» **Supplied information**
[Start of section]

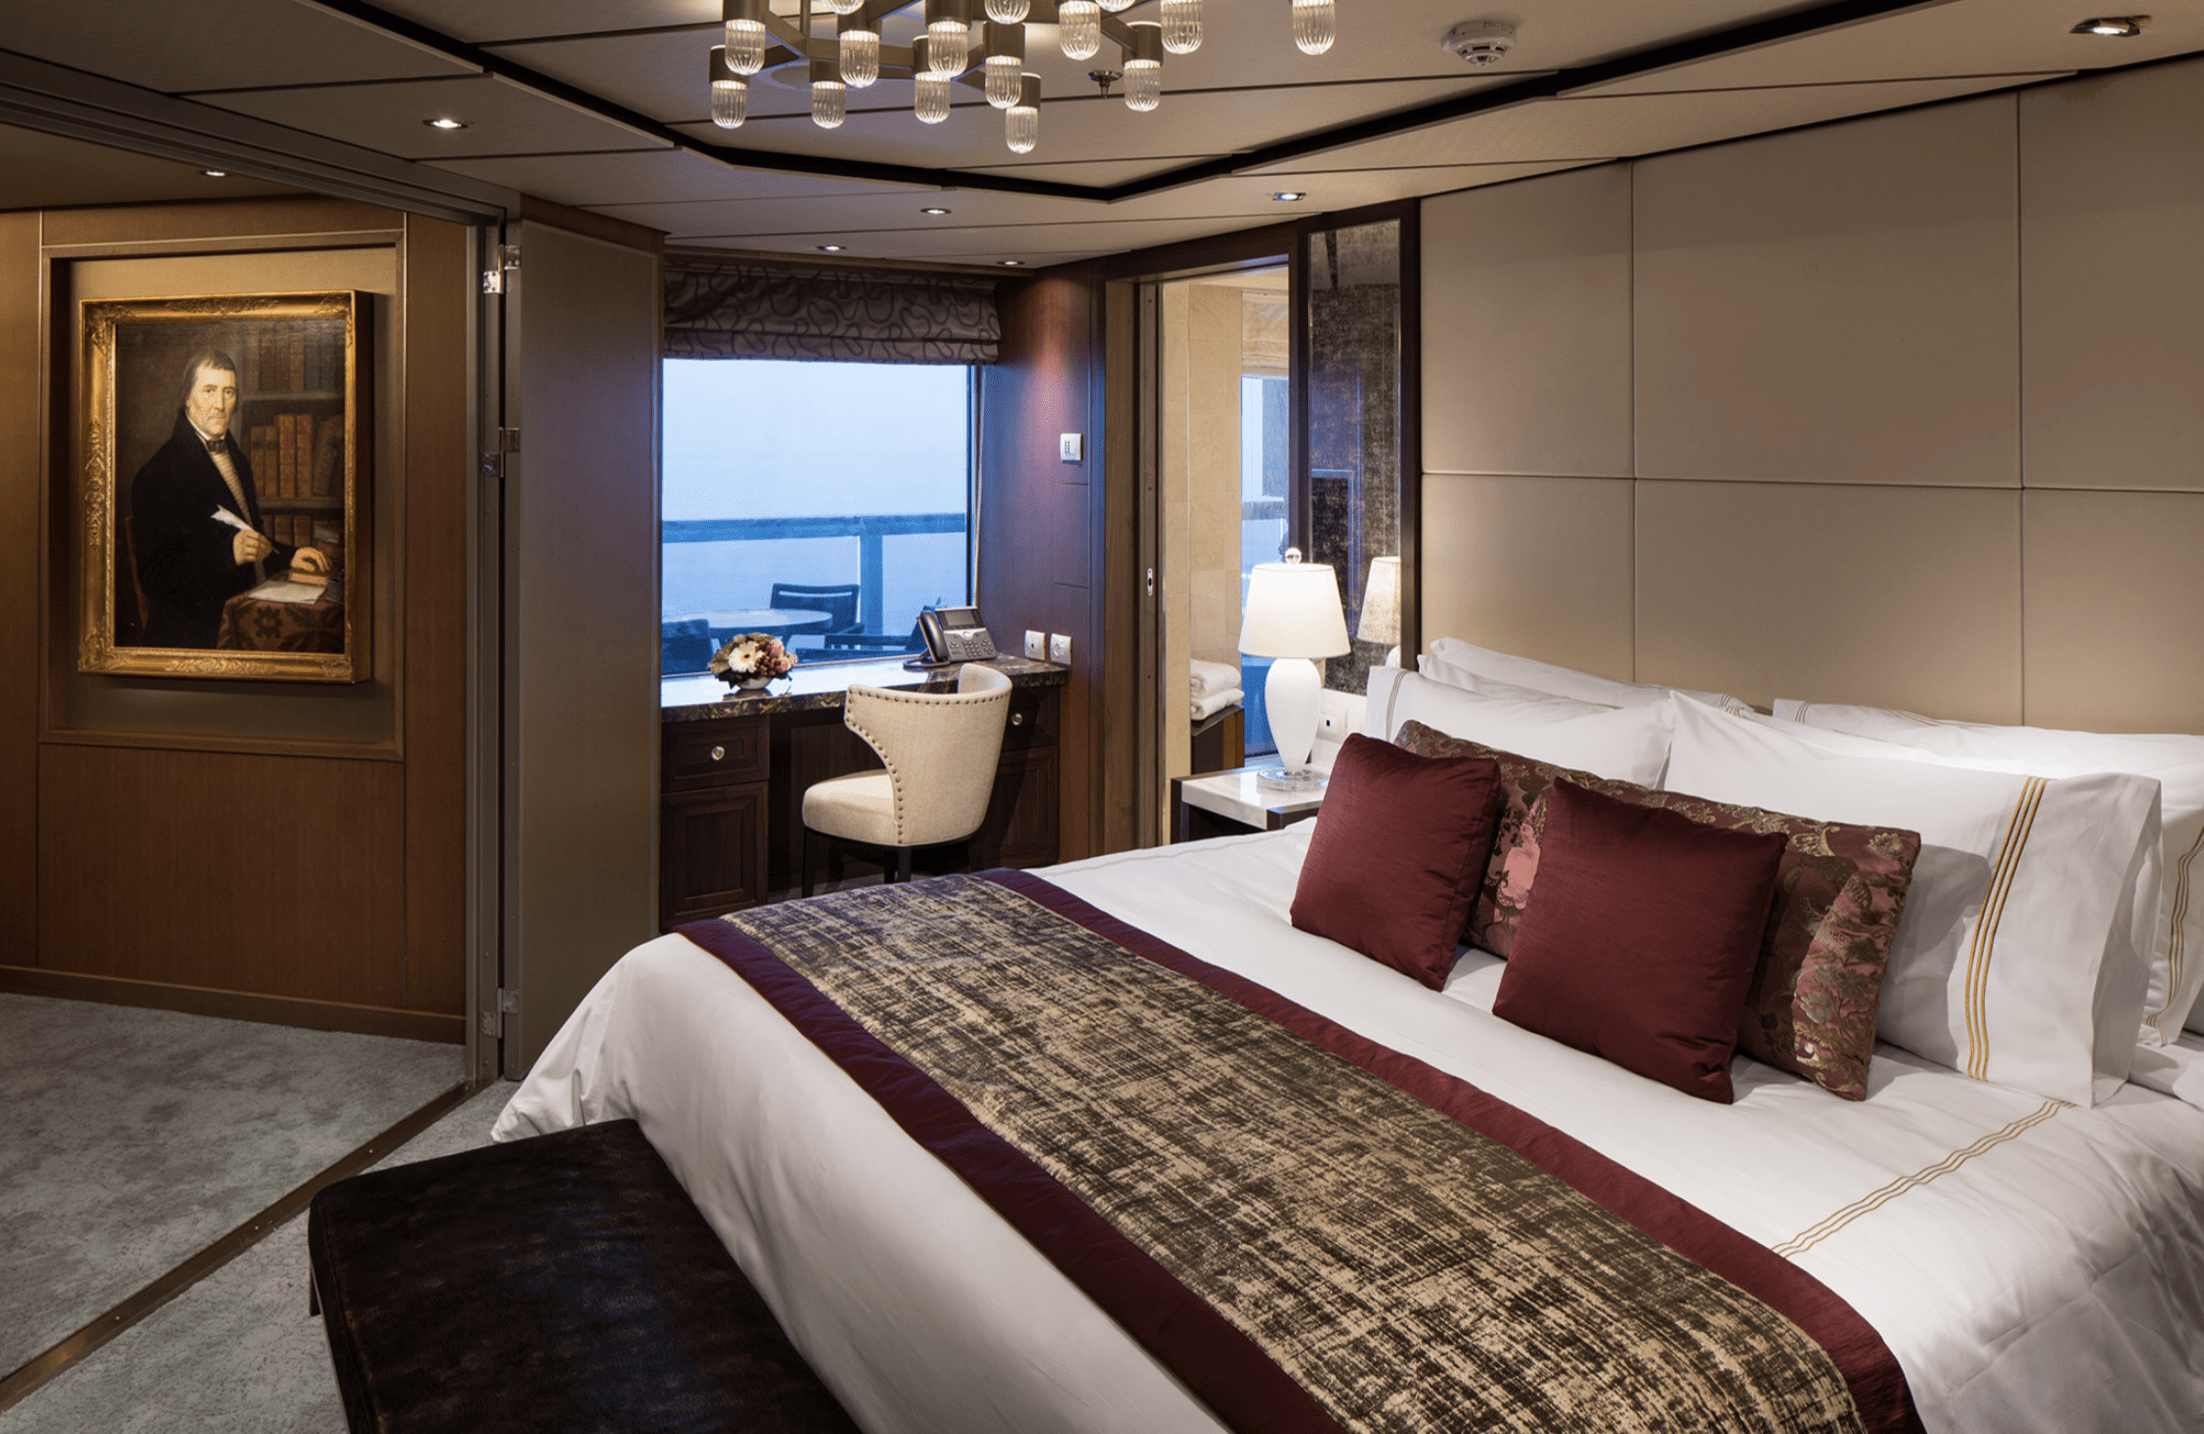 Holland America updates its staterooms aboard the new Nieuw Statendam
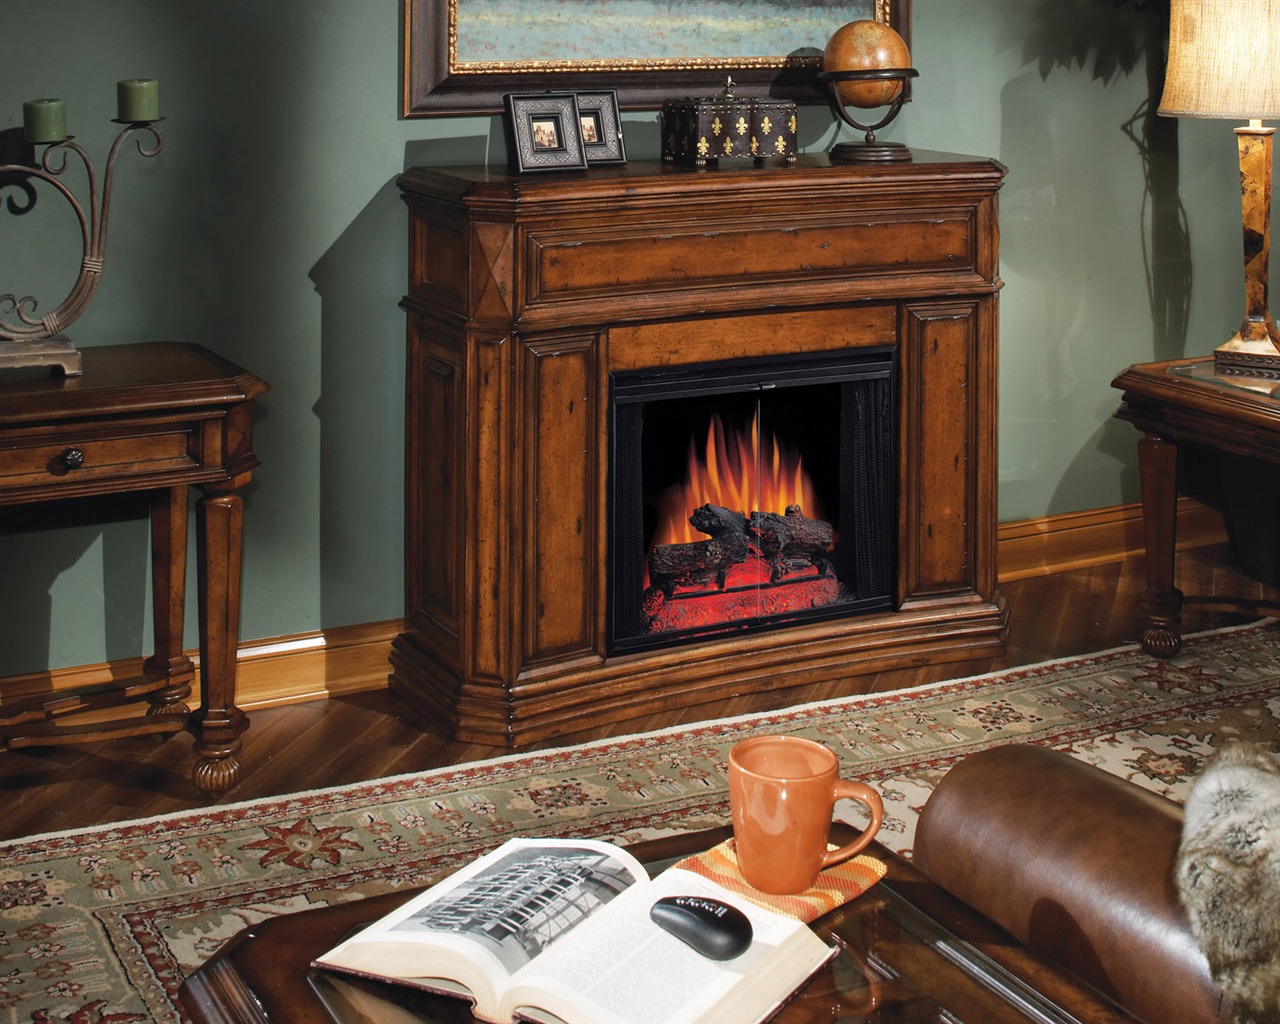 Western-style family fireplace wallpaper (1) #6 - 1280x1024
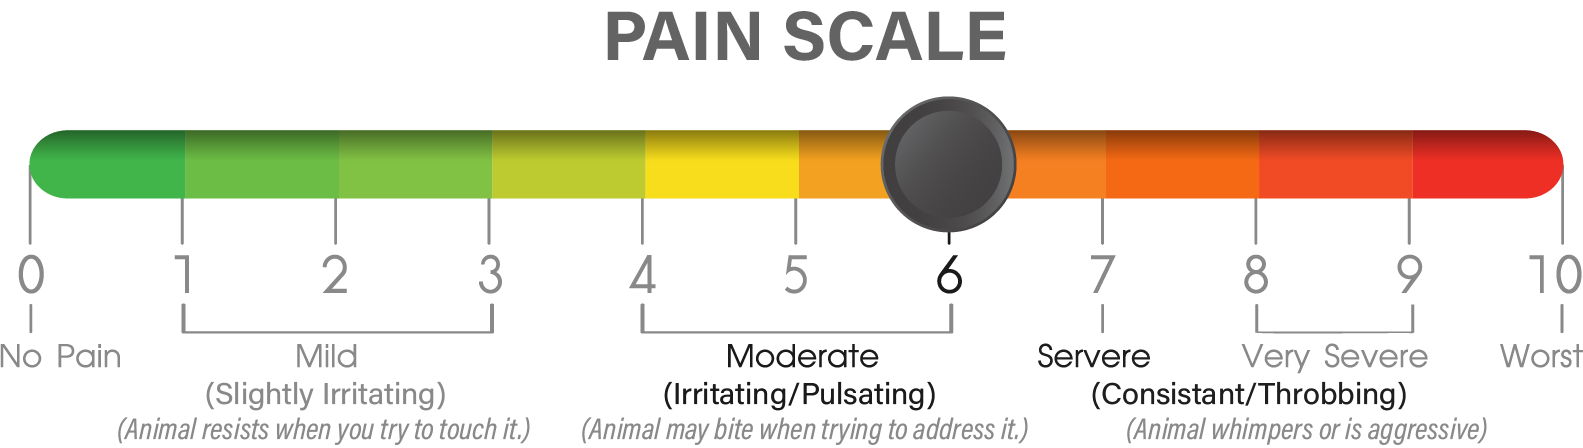 pain scale, labeled as moderate

[End of section]

» **Activity**
An unchanged copy of the listing, with no pictures, should be returned.

» **Your solution**
 Holland America updates its staterooms aboard the new Nieuw Statendam
 Western-style family fireplace wallpaper (1) #6 - 1280x1024
 pain scale, labeled as moderate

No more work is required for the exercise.